§ Dataset excerpts:
******************************
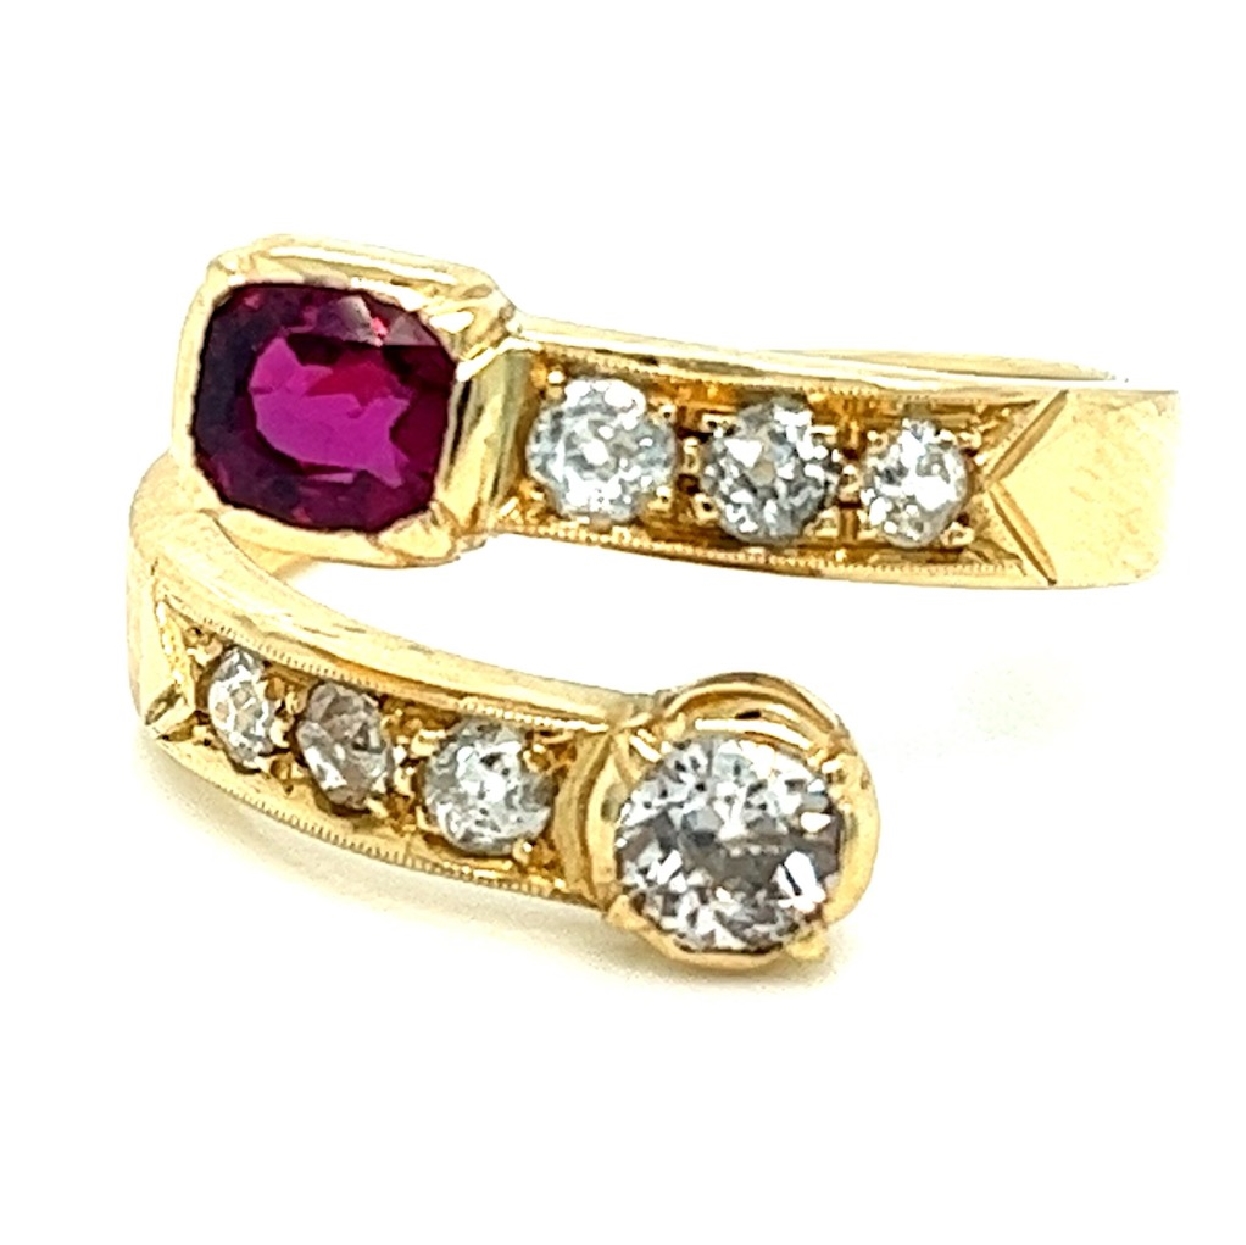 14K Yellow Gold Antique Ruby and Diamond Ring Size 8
******************************
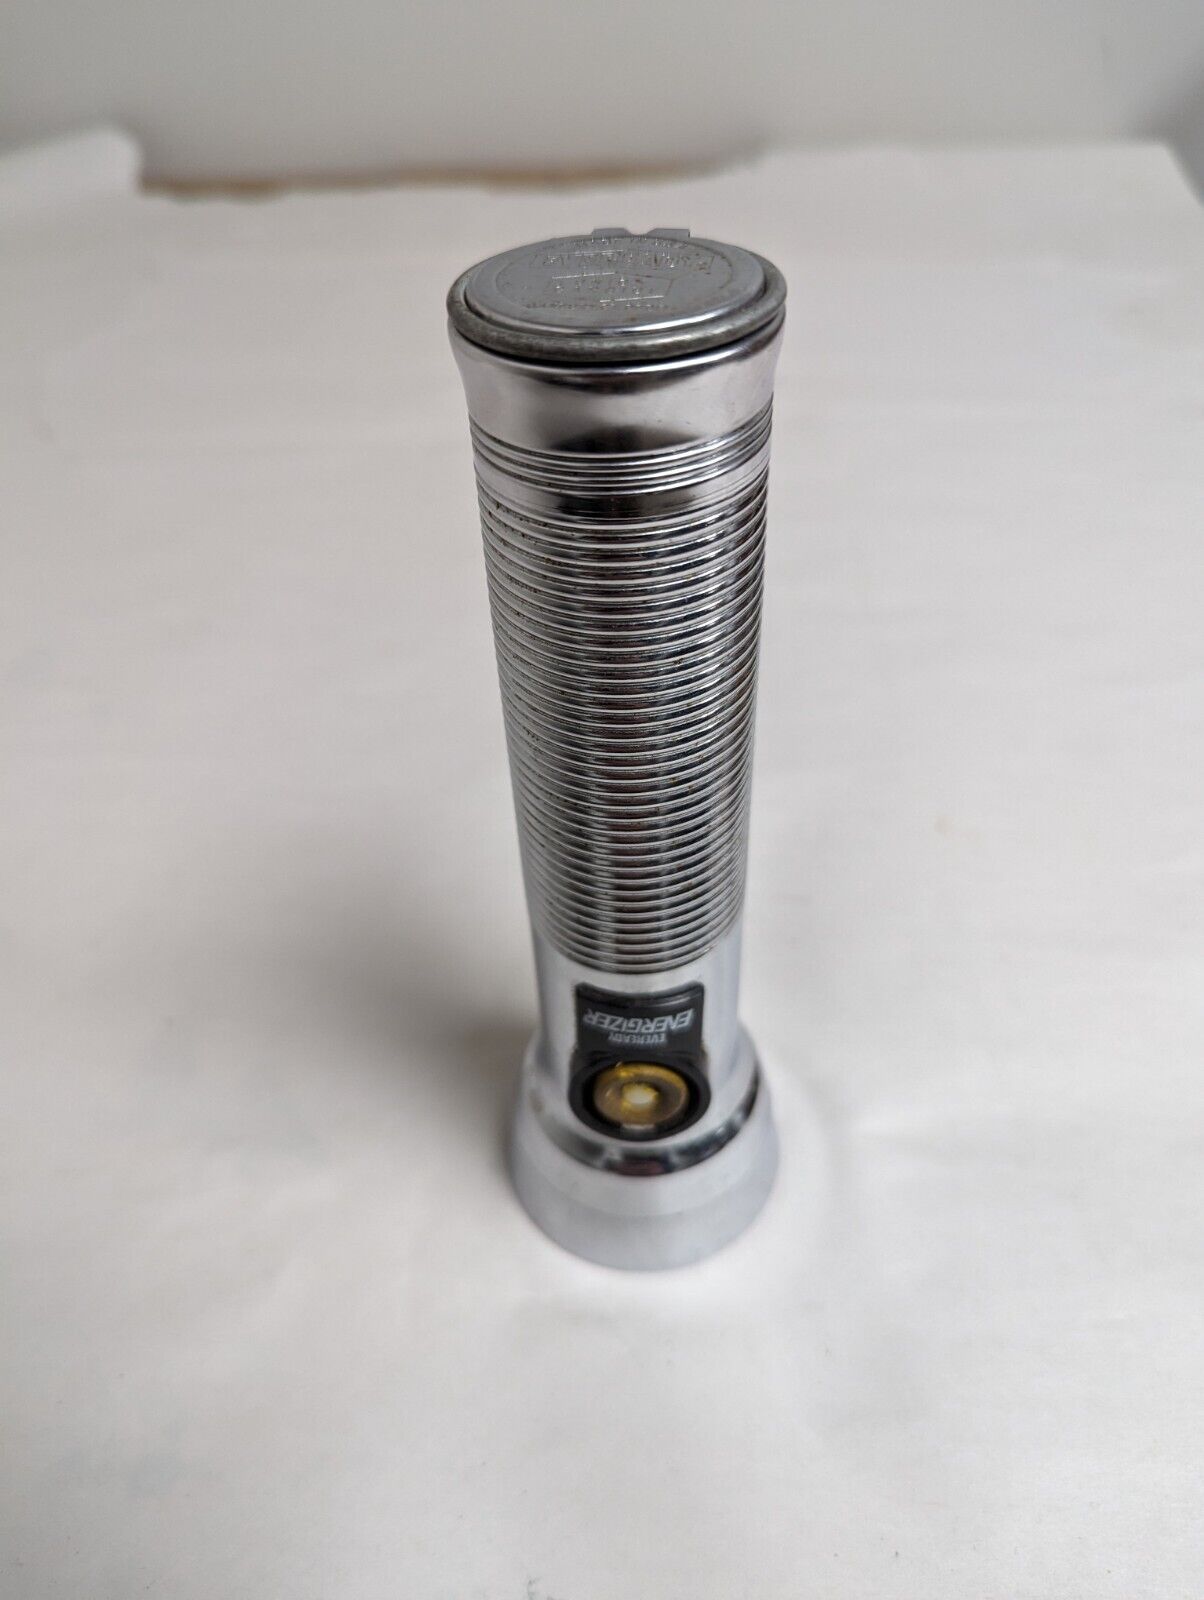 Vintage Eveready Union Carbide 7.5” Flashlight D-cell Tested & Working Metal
******************************
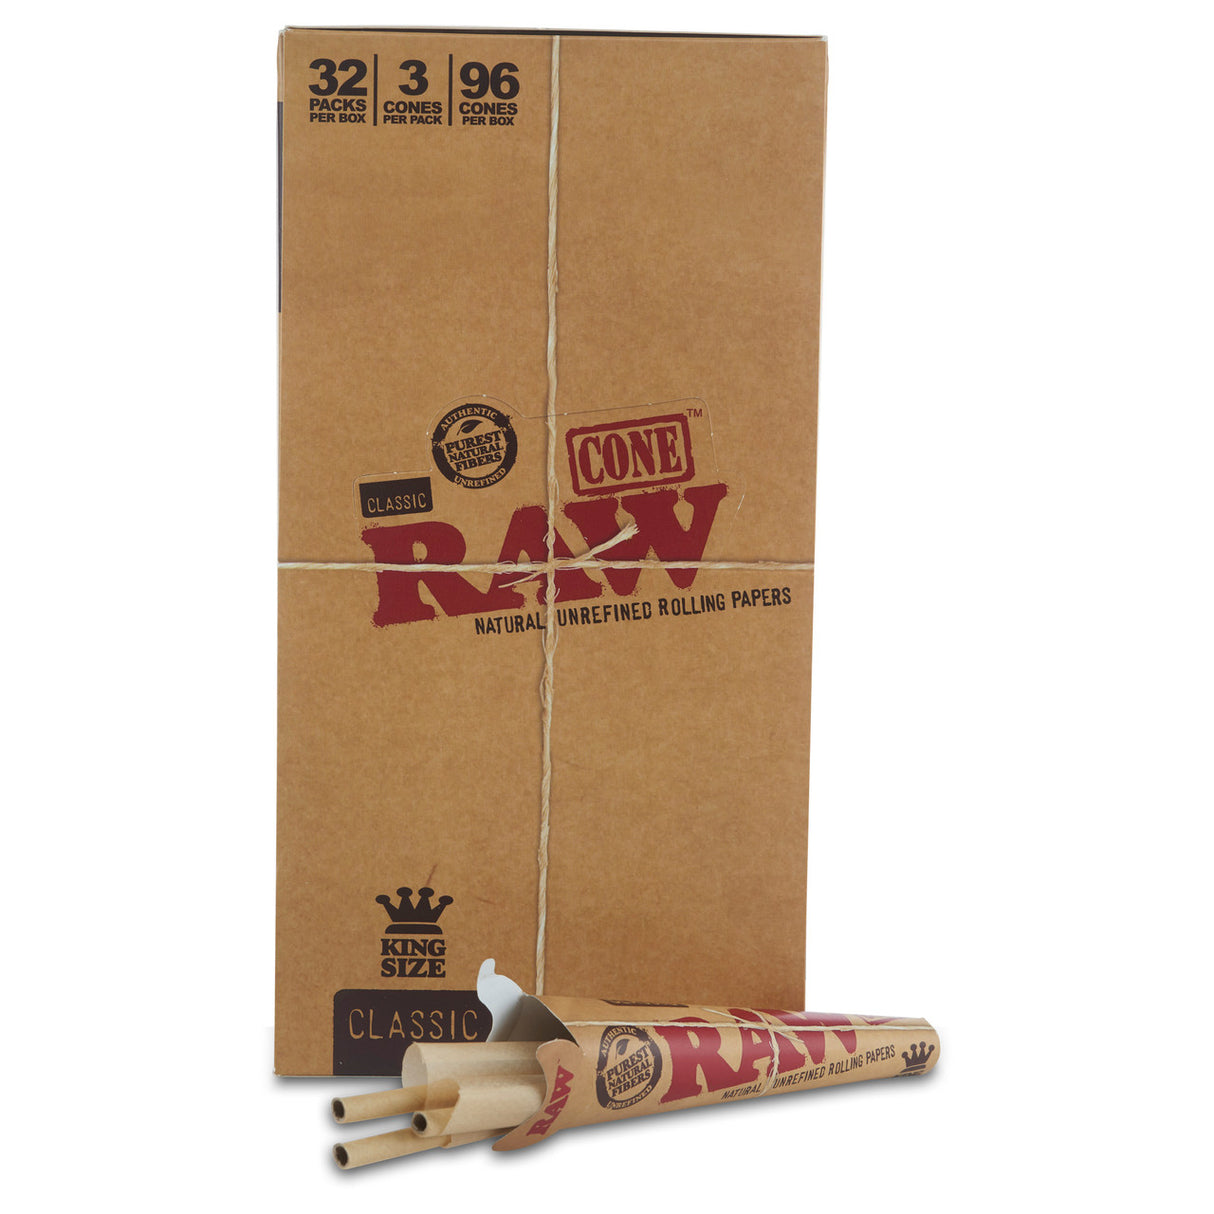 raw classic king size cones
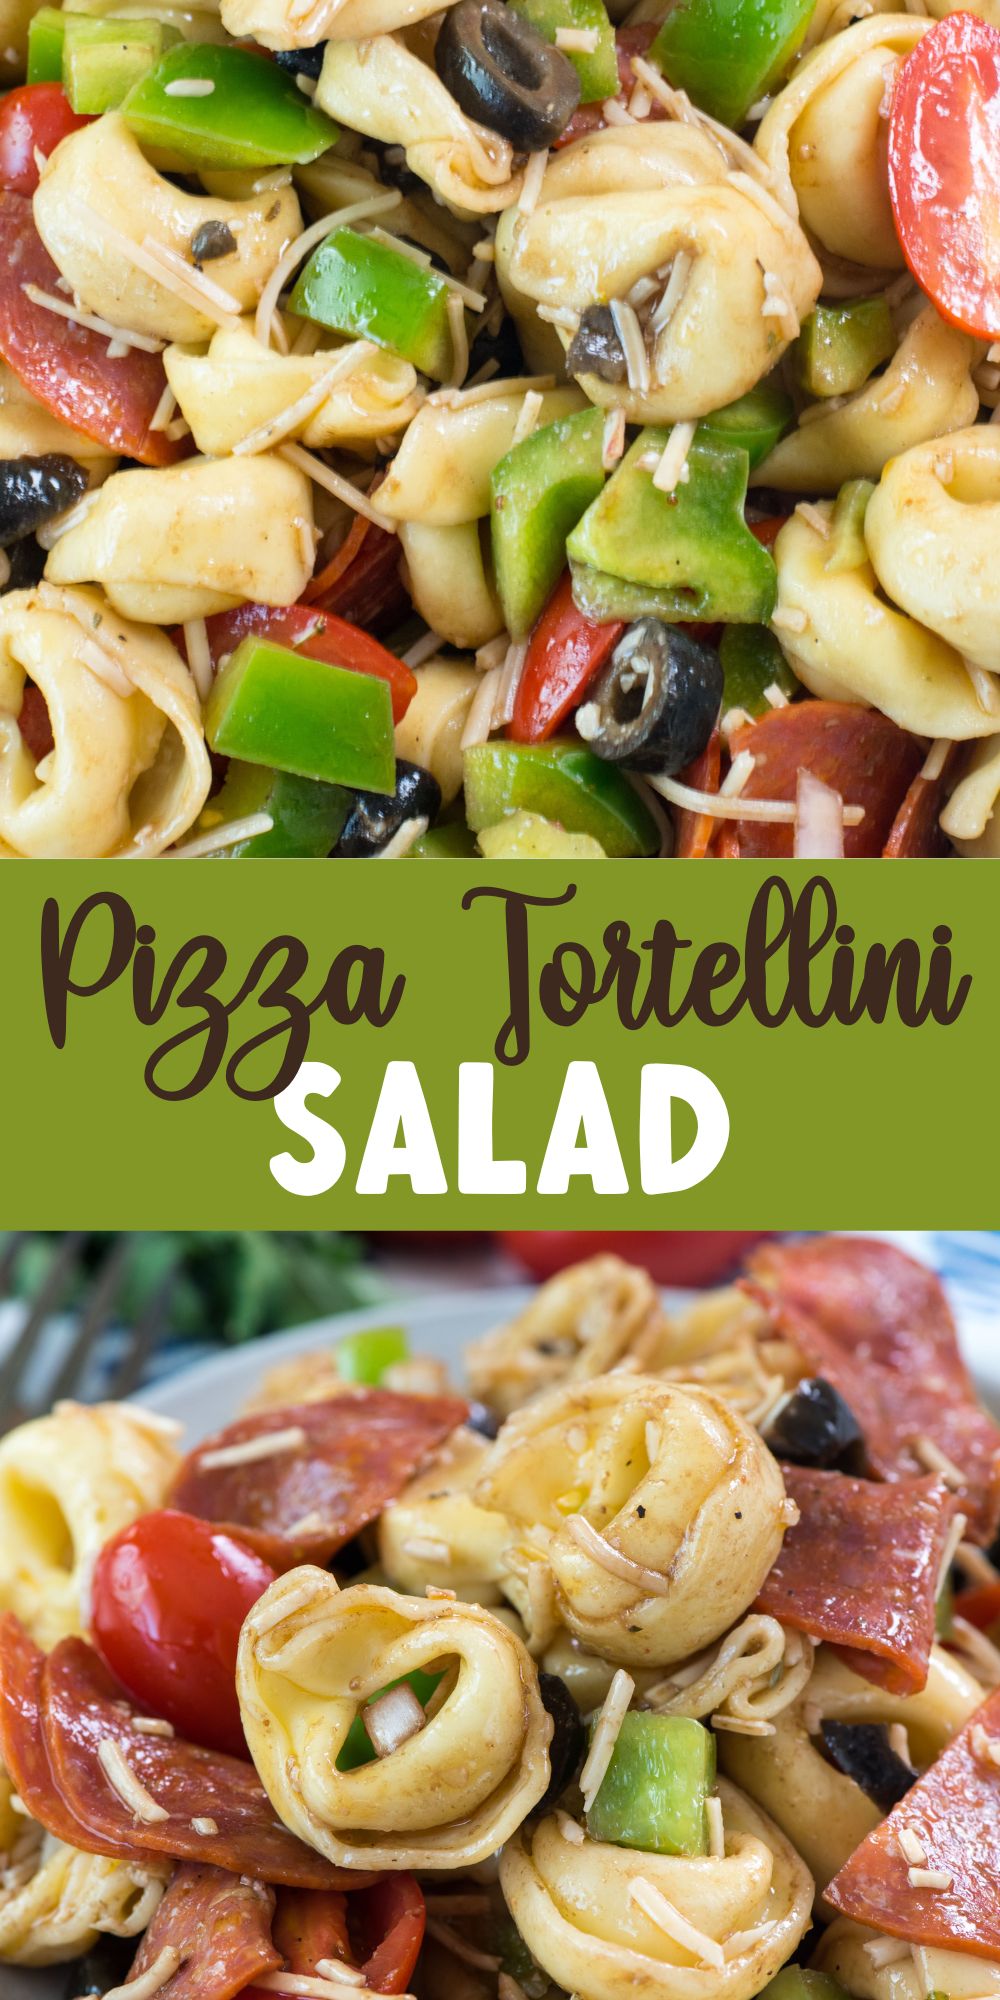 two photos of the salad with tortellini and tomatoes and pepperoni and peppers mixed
******************************
§ Work order:
Between and including the line with "raw classic king size cones" and the line with "two photos of", repeat every line exactly as it appears above, with pictures left out.

§ Solution:
 raw classic king size cones
 two photos of the salad with tortellini and tomatoes and pepperoni and peppers mixed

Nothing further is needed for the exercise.